*INSTRUCTIONS TO FOLLOW:*
All the data below goes into the copy word for word, but the pictures don't.

═════ DATA SECTION ═════

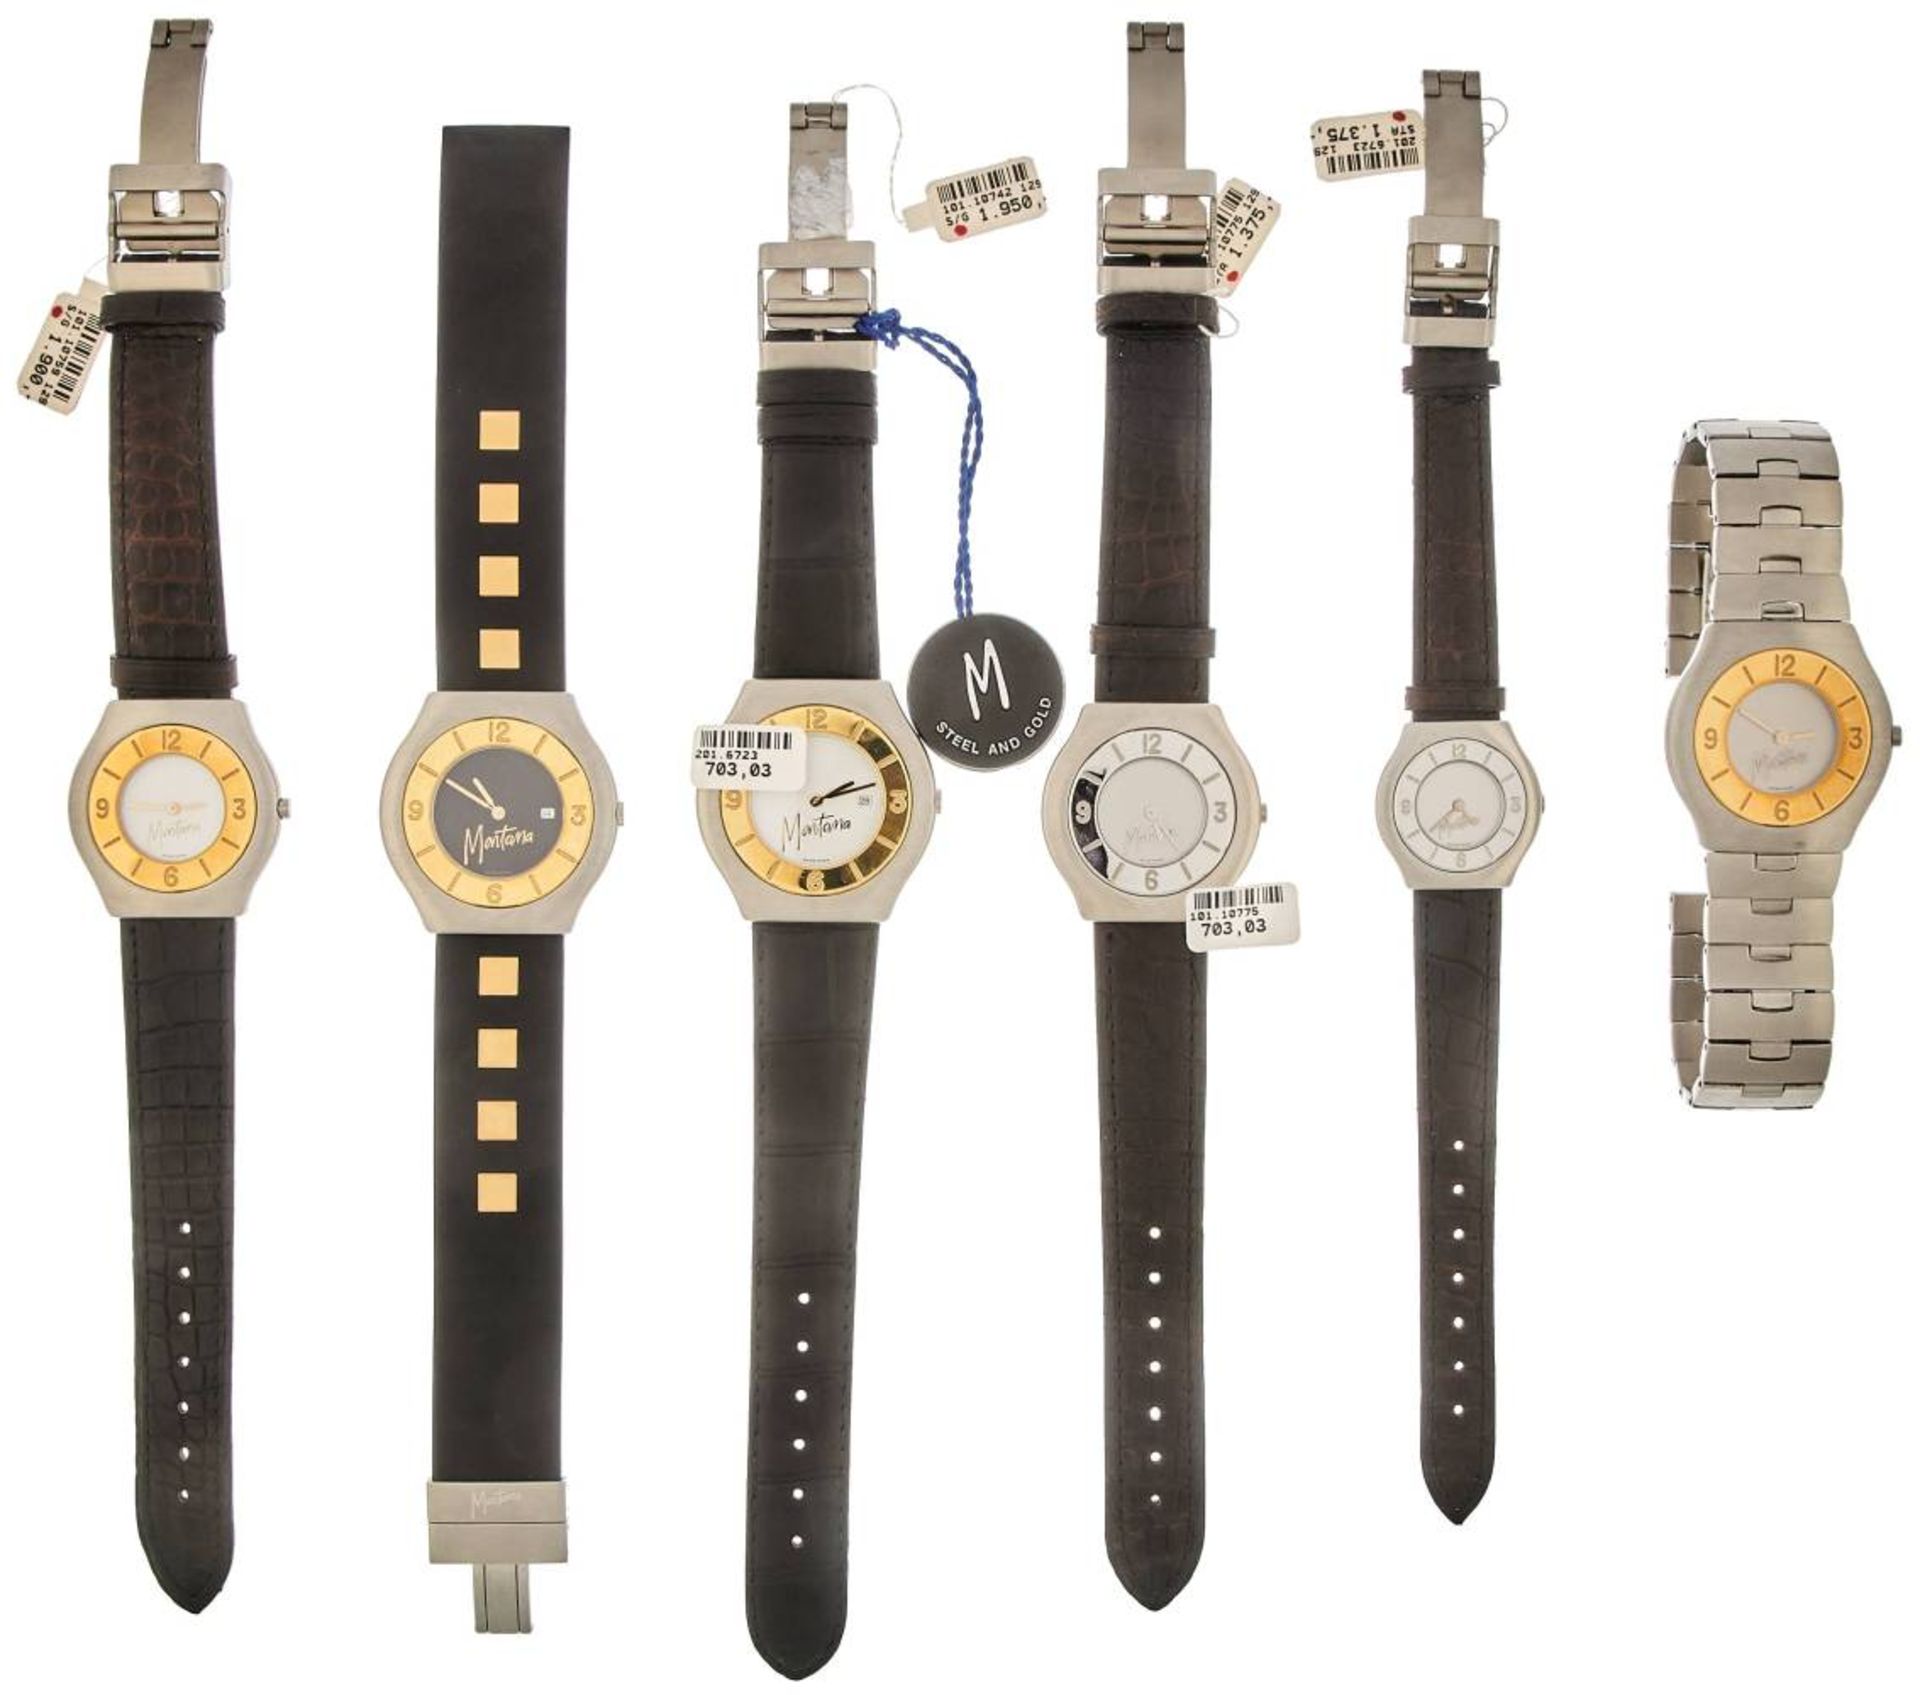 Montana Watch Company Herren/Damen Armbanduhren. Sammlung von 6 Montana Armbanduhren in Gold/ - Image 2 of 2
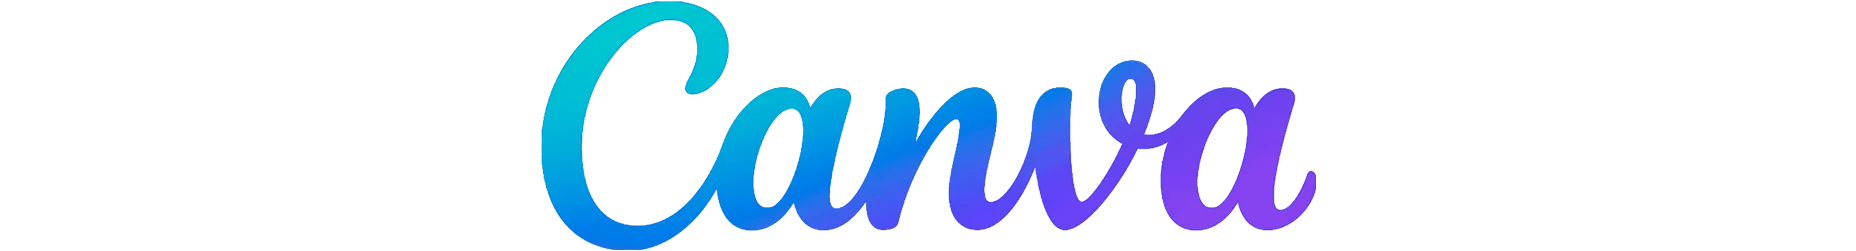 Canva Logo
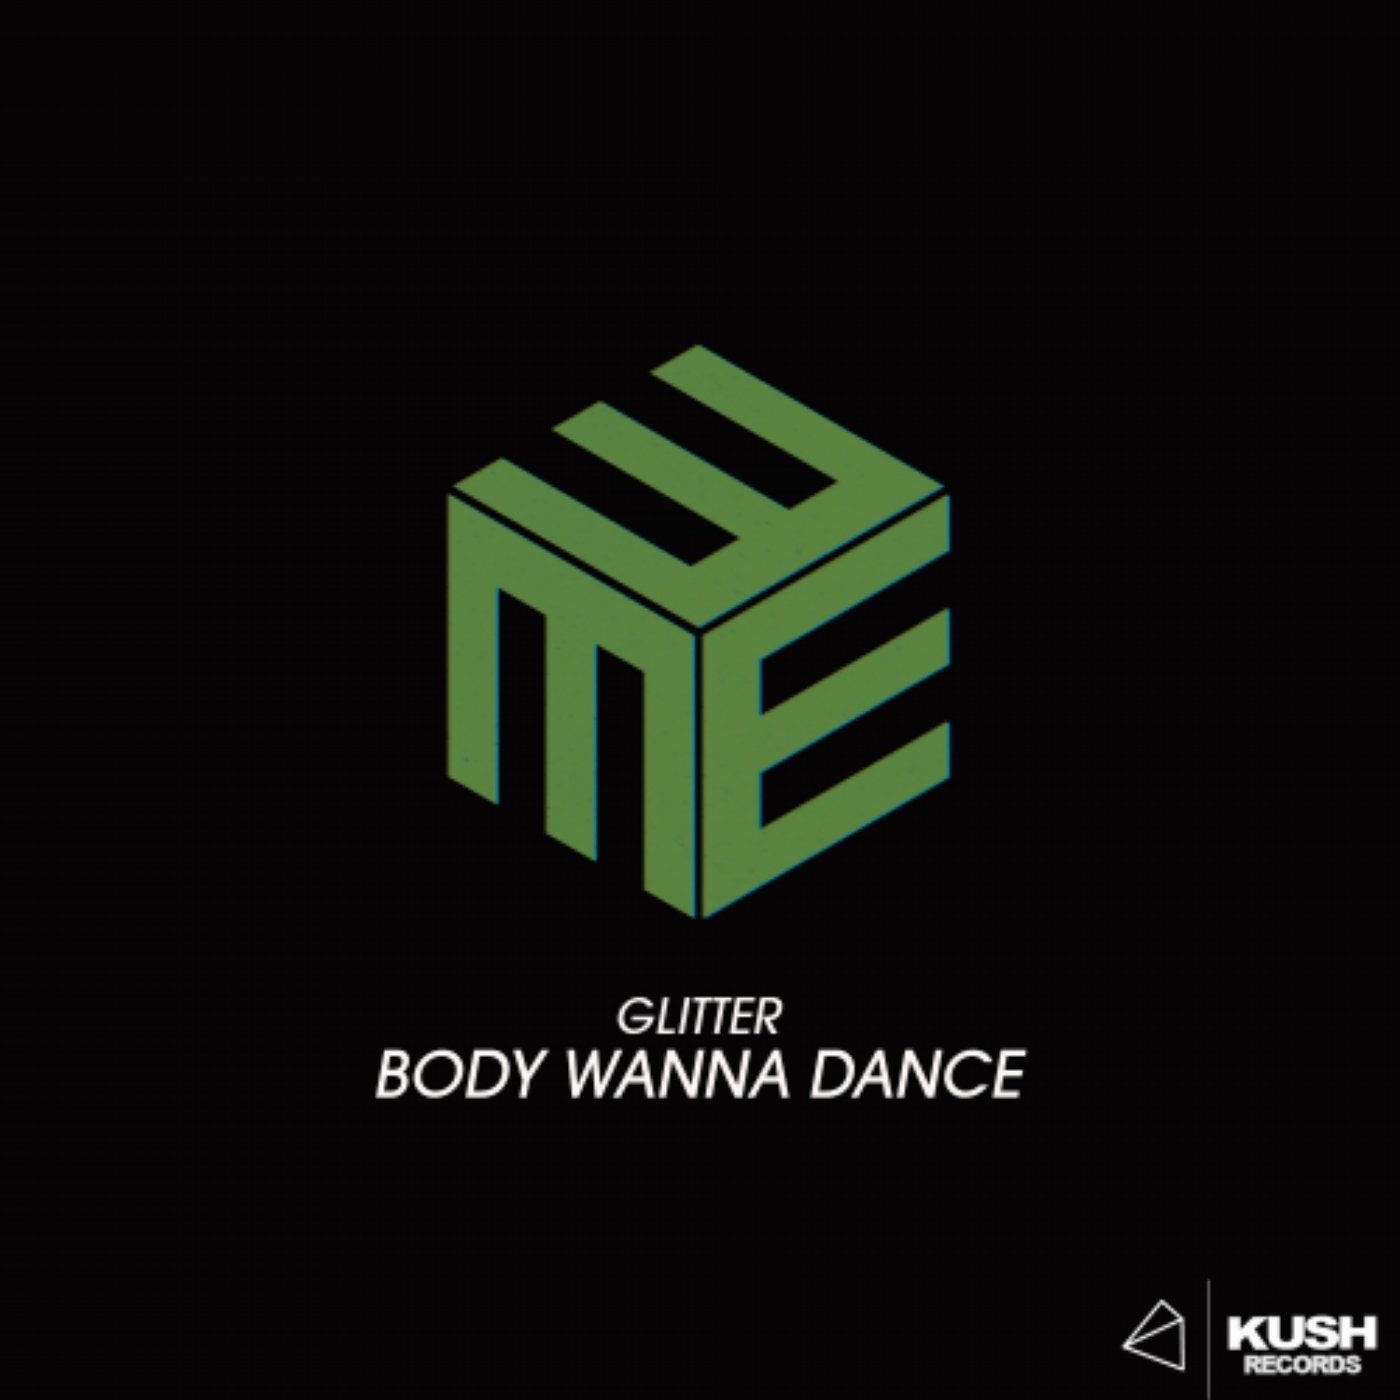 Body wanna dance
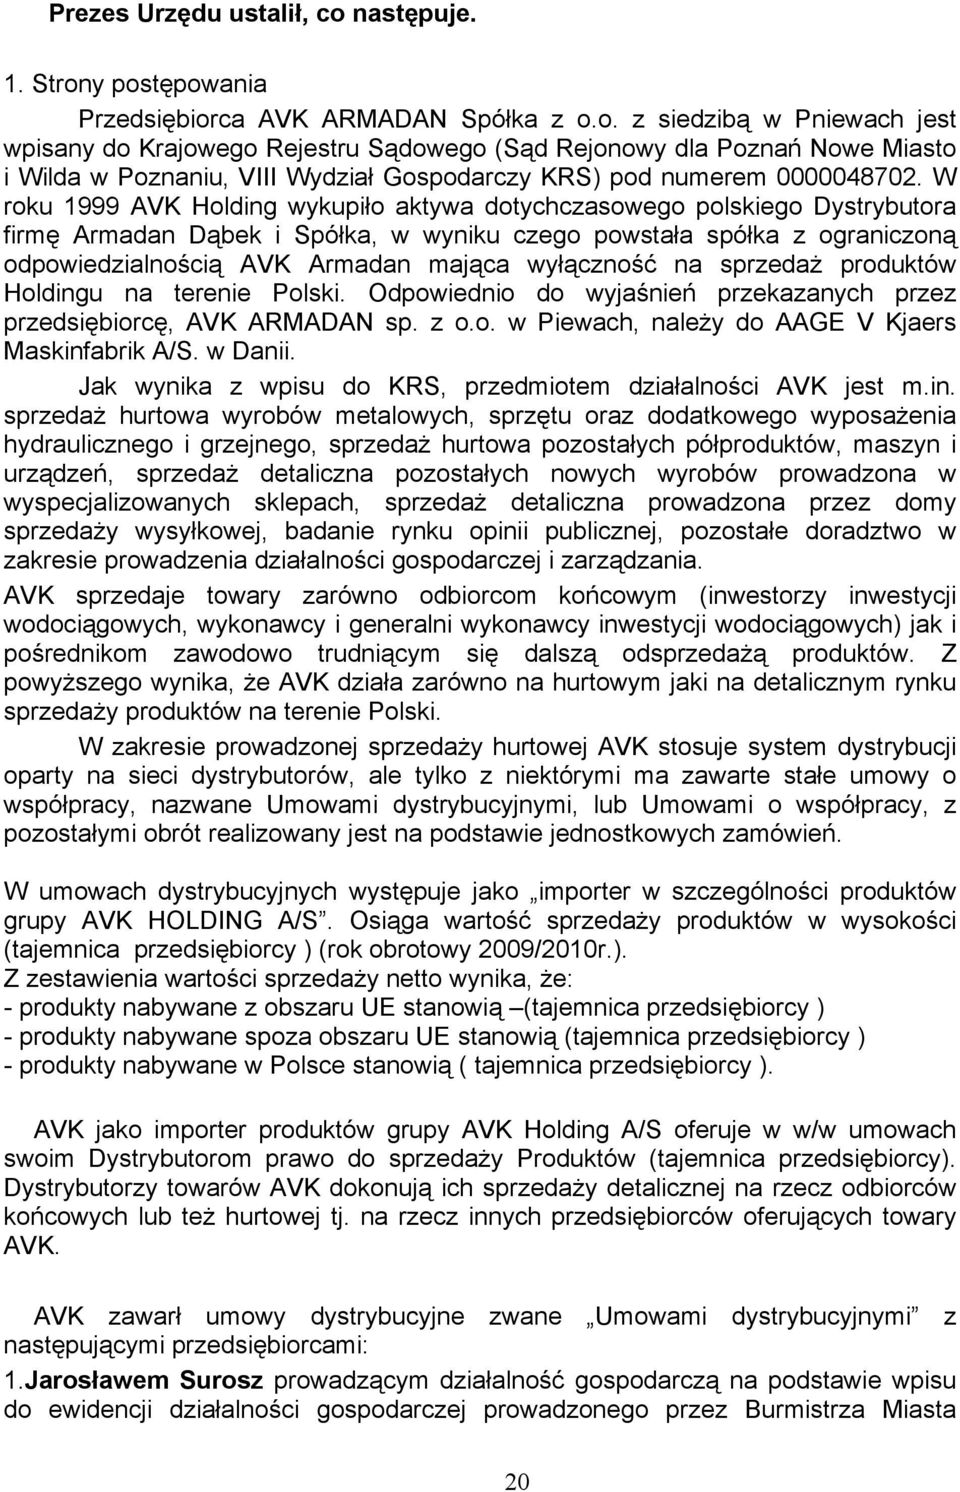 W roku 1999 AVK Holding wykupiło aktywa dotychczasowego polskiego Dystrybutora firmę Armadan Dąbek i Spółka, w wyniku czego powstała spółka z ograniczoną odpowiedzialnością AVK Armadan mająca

═════

*EXERCISE SOLUTION:*
 Montana Watch Company Herren/Damen Armbanduhren. Sammlung von 6 Montana Armbanduhren in Gold/ - Image 2 of 2
 Canva Logo
 Body wanna dance
 W roku 1999 AVK Holding wykupiło aktywa dotychczasowego polskiego Dystrybutora firmę Armadan Dąbek i Spółka, w wyniku czego powstała spółka z ograniczoną odpowiedzialnością AVK Armadan mająca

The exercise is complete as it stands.